Halide vacancy passivation in cesium lead halide perovskite nanocrystals with mixed halide compositions: the impact of prolonged reaction time

Abstract

Perovskite nanocrystals offer a significant advantage in covering the entire visible spectrum with outstanding color purity by simply tuning their halide compositions, making them highly desirable for light-emitting diode applications with excellent color reproducibility. However, mixed halide perovskite nanocrystals often suffer from instability issues, such as halide segregation under various stimuli. In this study, we present a straightforward synthetic approach to produce stable blue-emitting perovskite nanocrystals with mixed halide compositions. Specifically, we synthesized blue-emitting CsPbBr_xCl_3−x nanocrystals in the presence of impurity metal halides, such as ZnBr₂, as halide sources.
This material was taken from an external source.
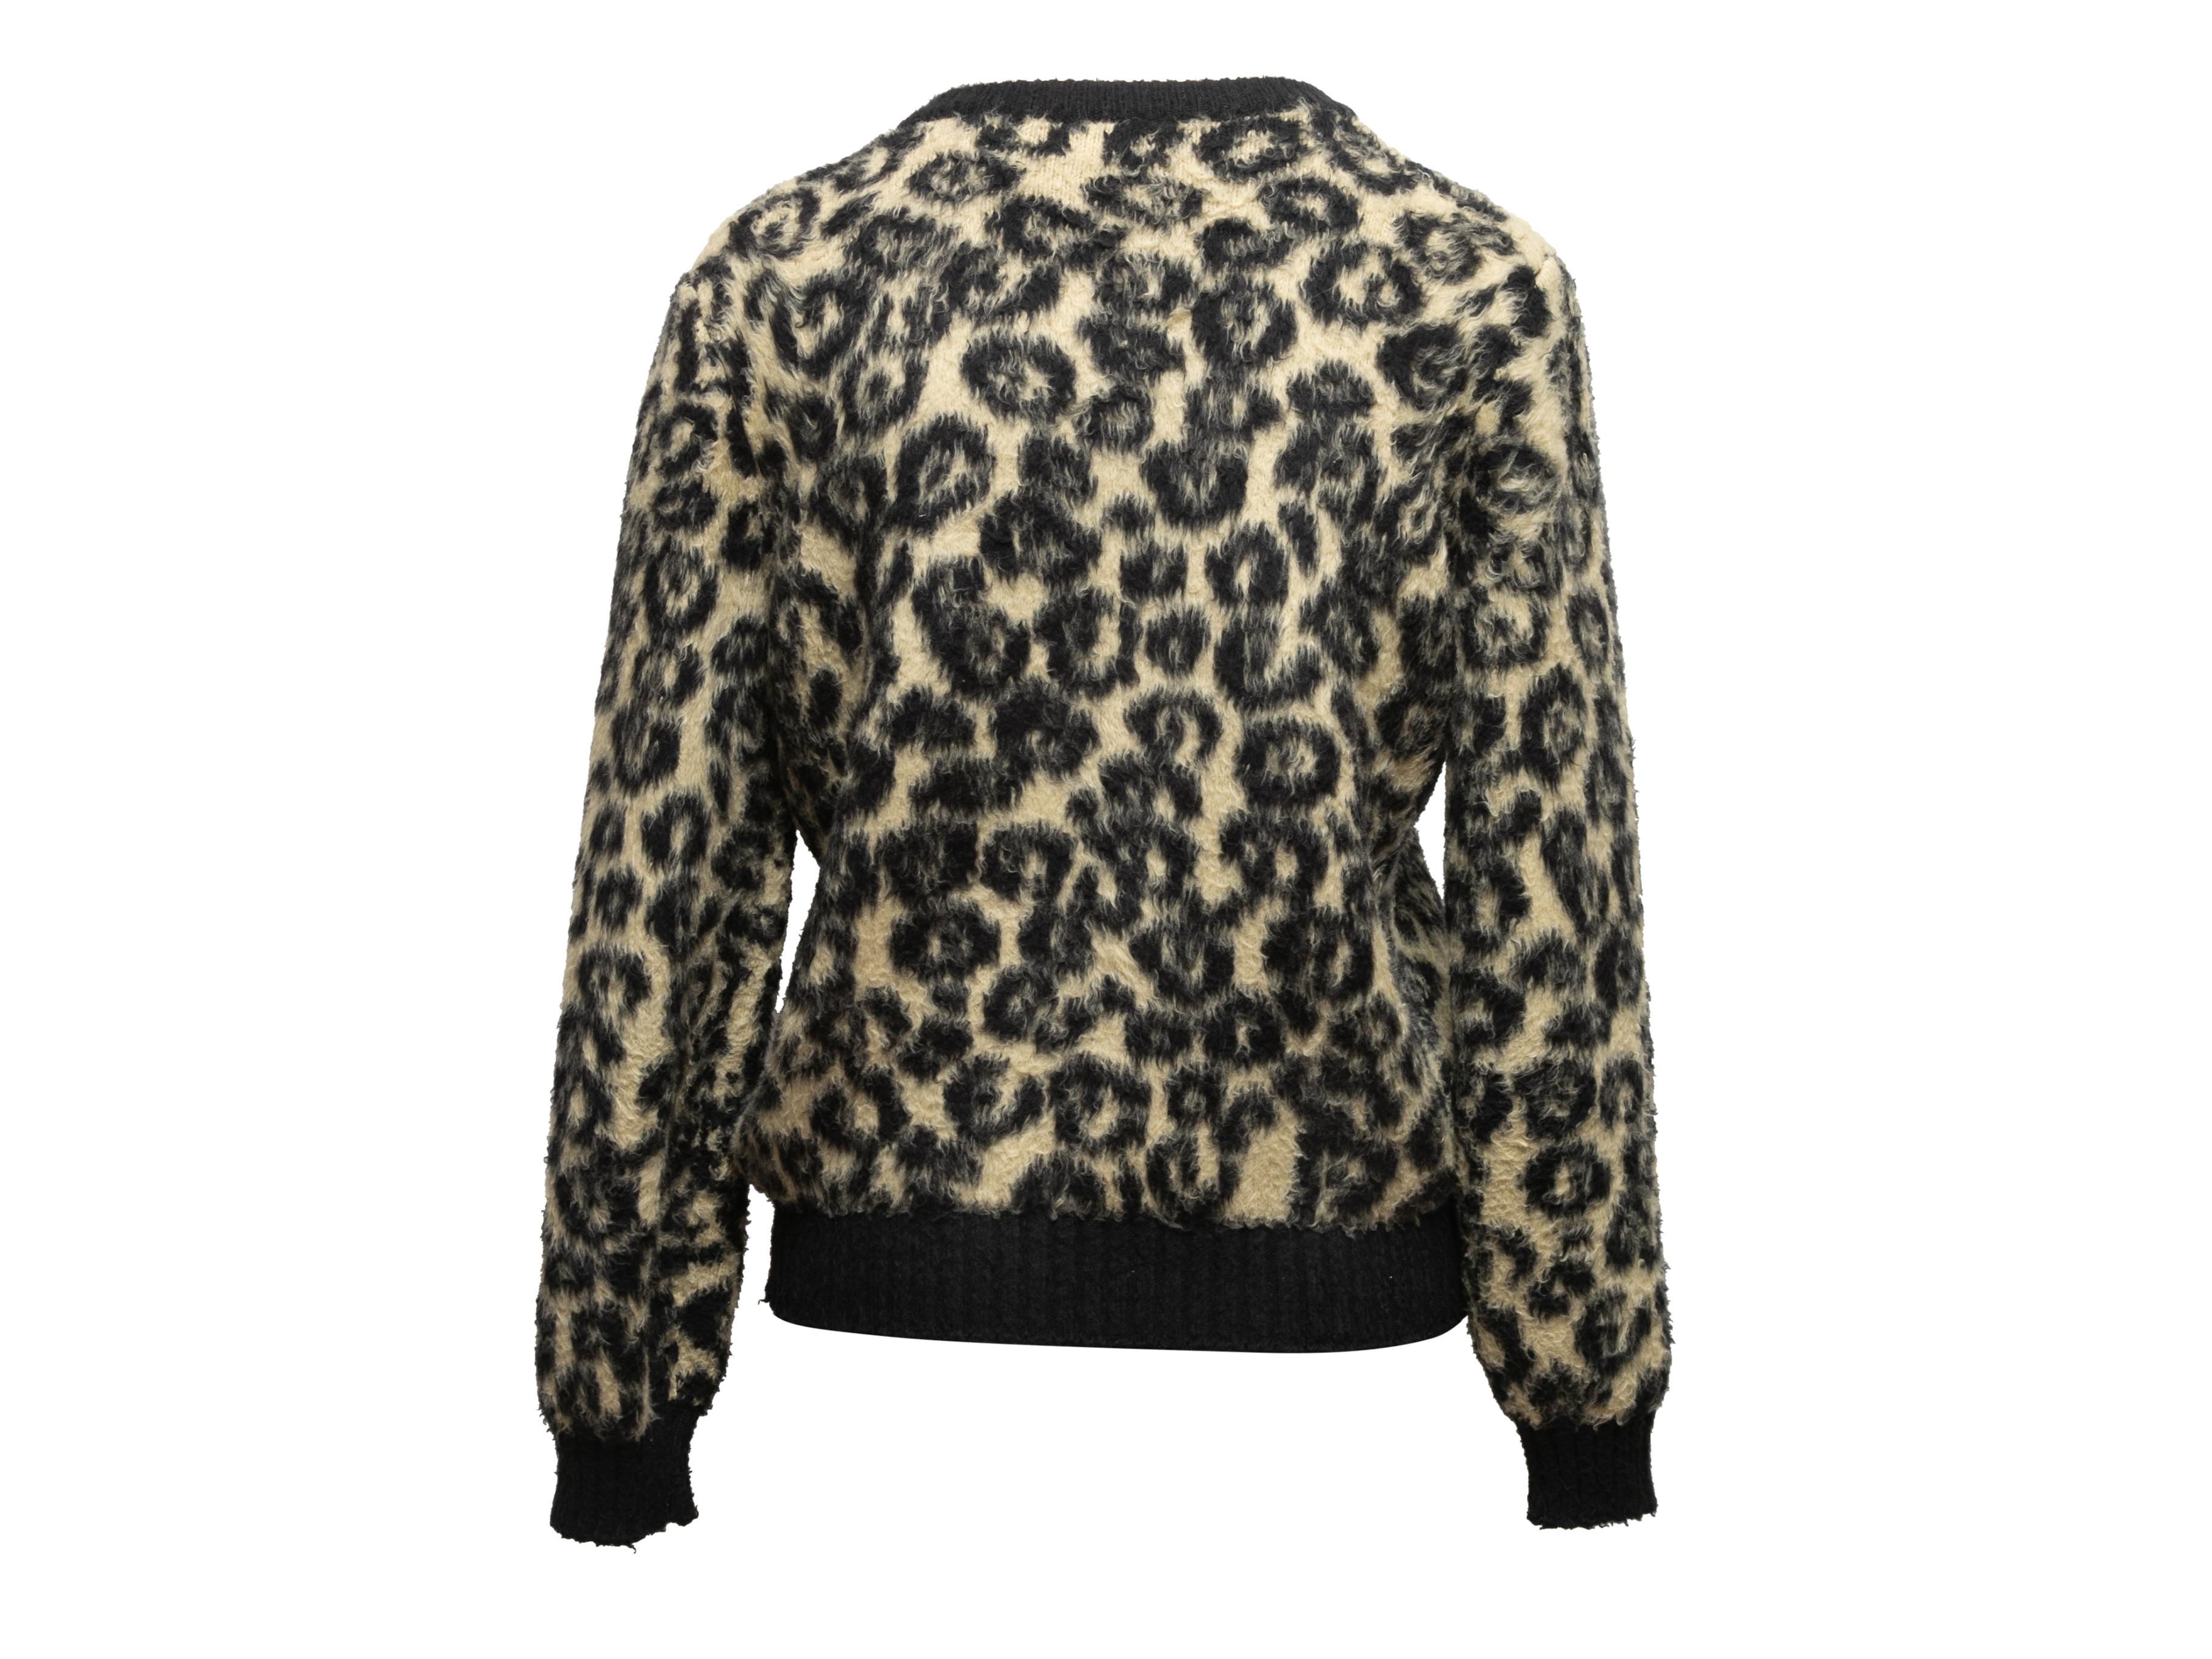 Schwarz-beiger Pullover mit Leopardenmuster von Celine. Rundhalsausschnitt. 40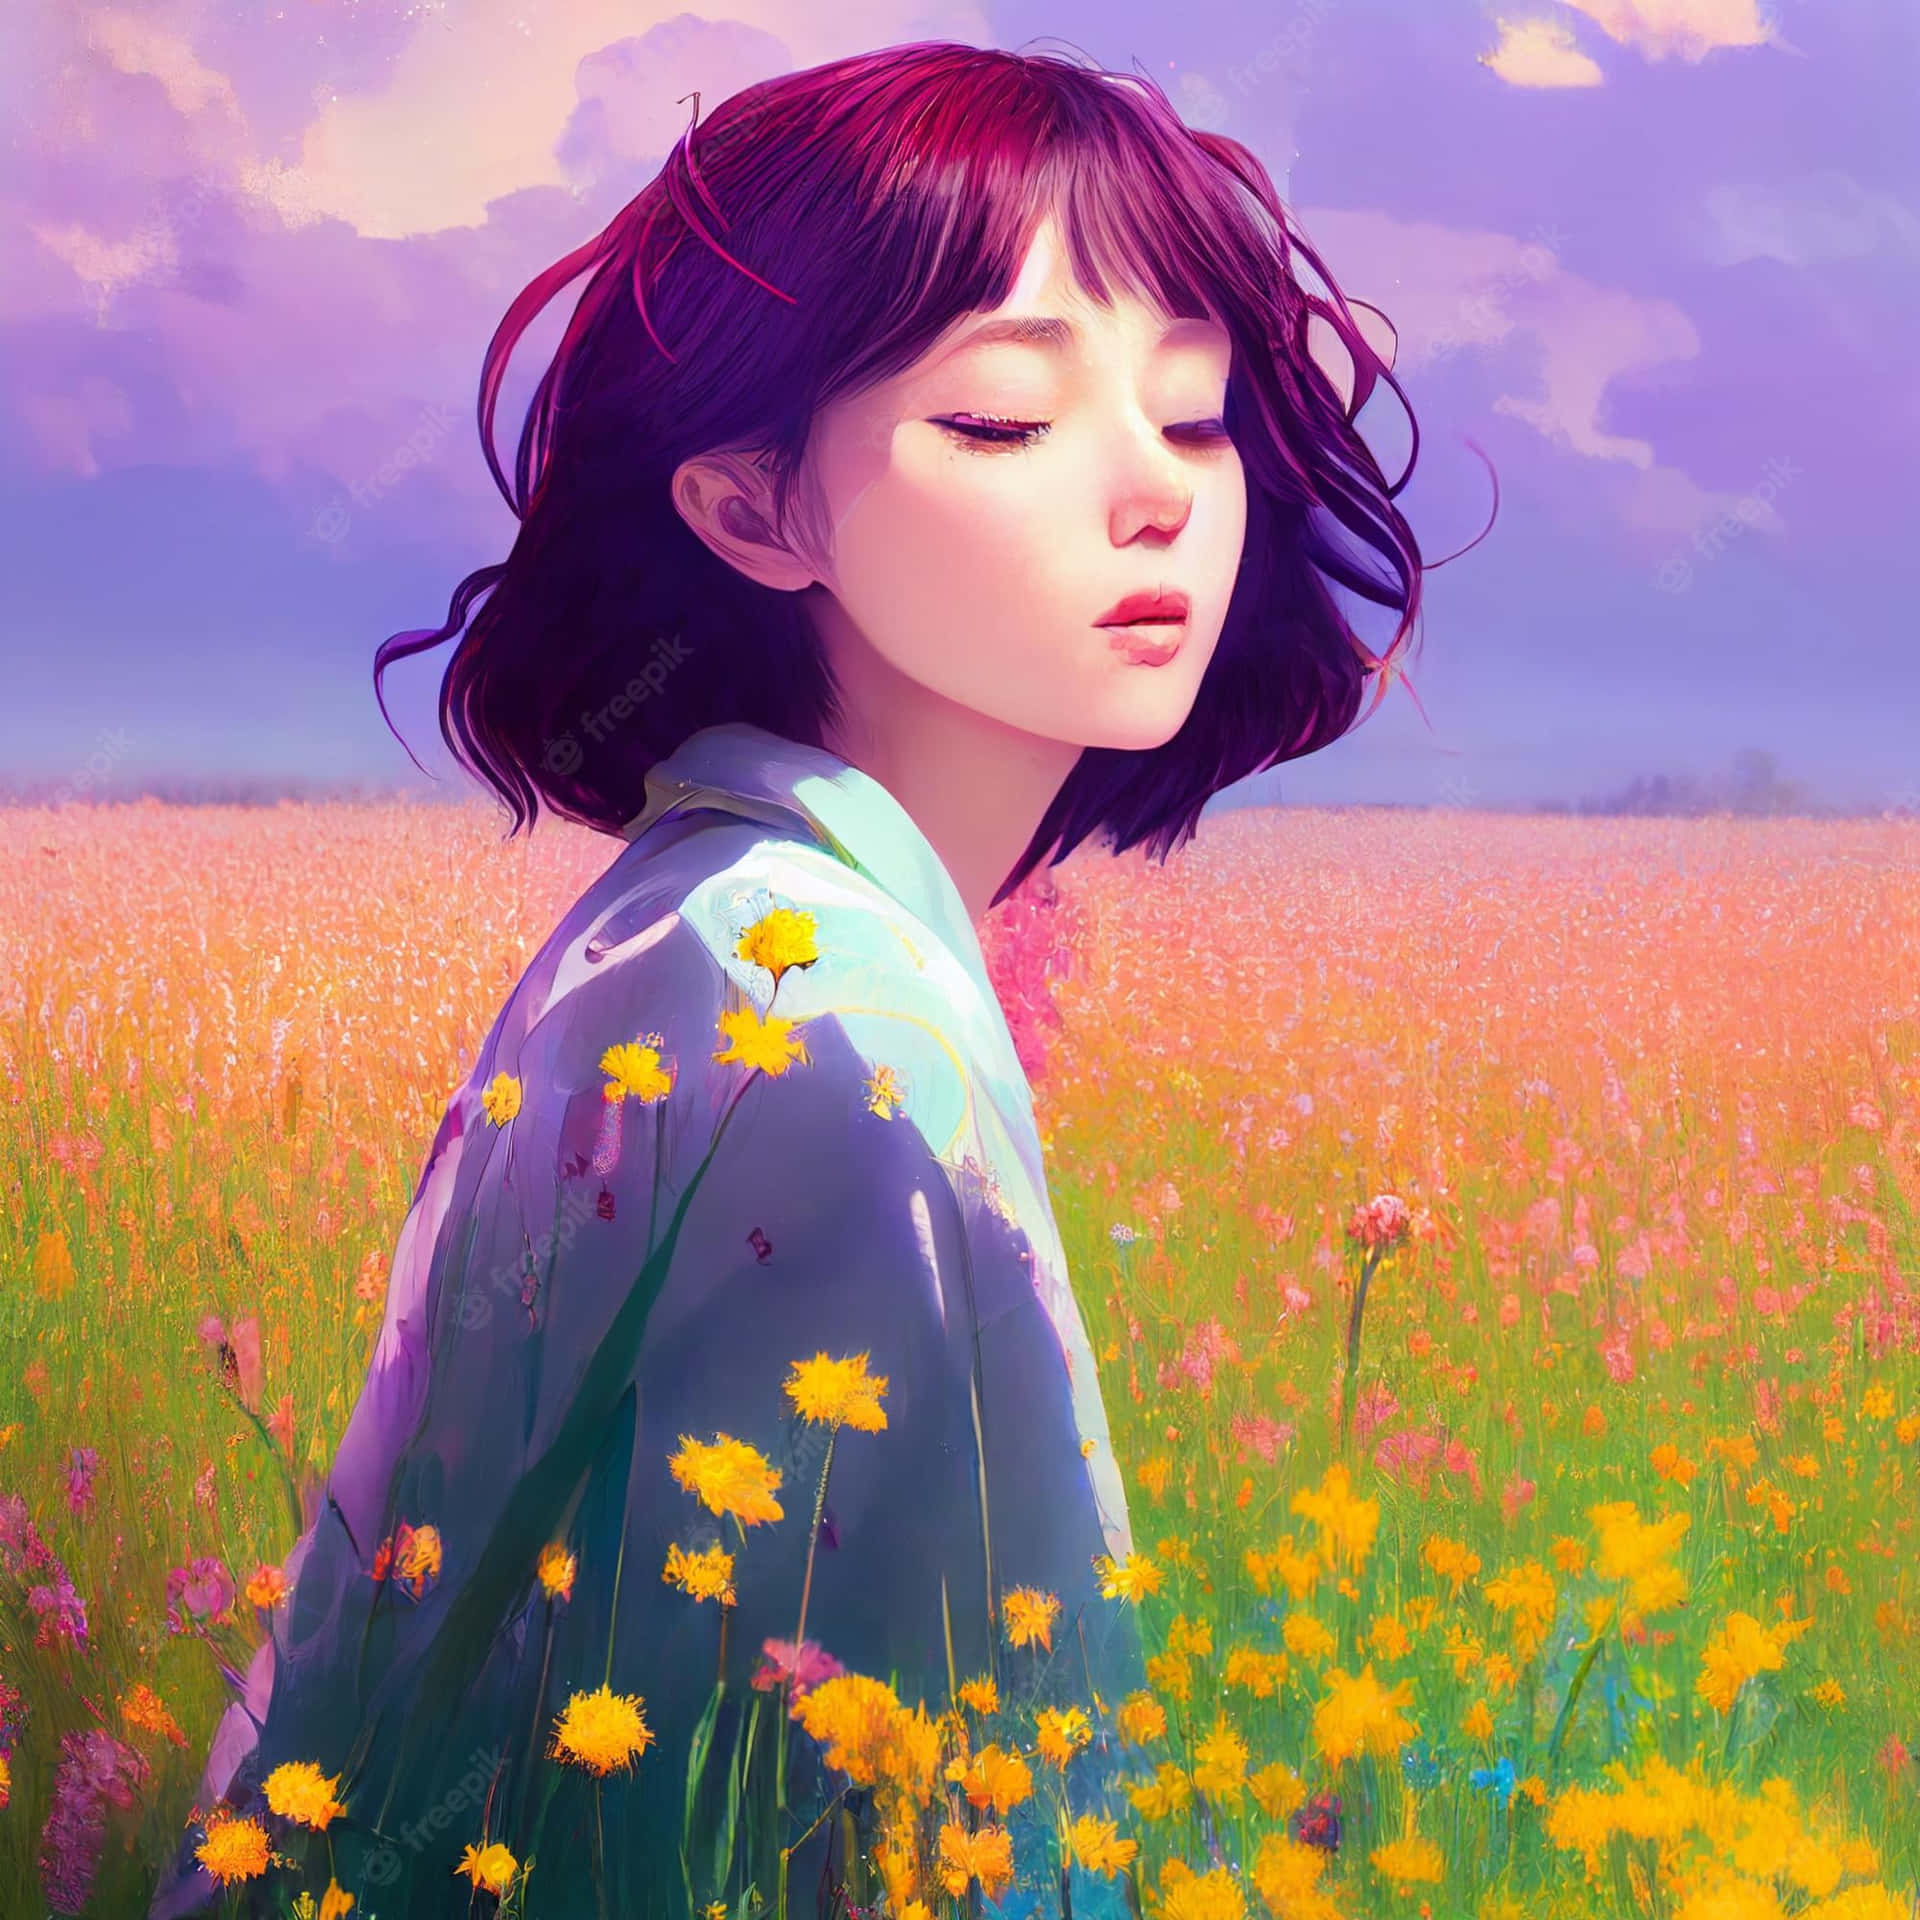 Korean Anime Girl On A Field Of Flowers Wallpaper

Our findings show that the reaction can be prolonged for over 90 min at elevated temperature when ZnBr₂ is added as a bromine source, while the addition of PbBr₂ fails to extend the reaction. In CsPbBr_xCl_3−x nanocrystals synthesized in the presence of ZnBr₂, it turned out that the photoluminescence quantum yield gradually increases due to effective passivation of halide vacancies over time during the reaction. In addition, air and thermal stabilities, which are strongly associated with the compositions, were significantly enhanced. Finally, we demonstrate blue light-emitting diodes based on these nanocrystals, exhibiting greatly suppressed phase segregation even under high operating voltage.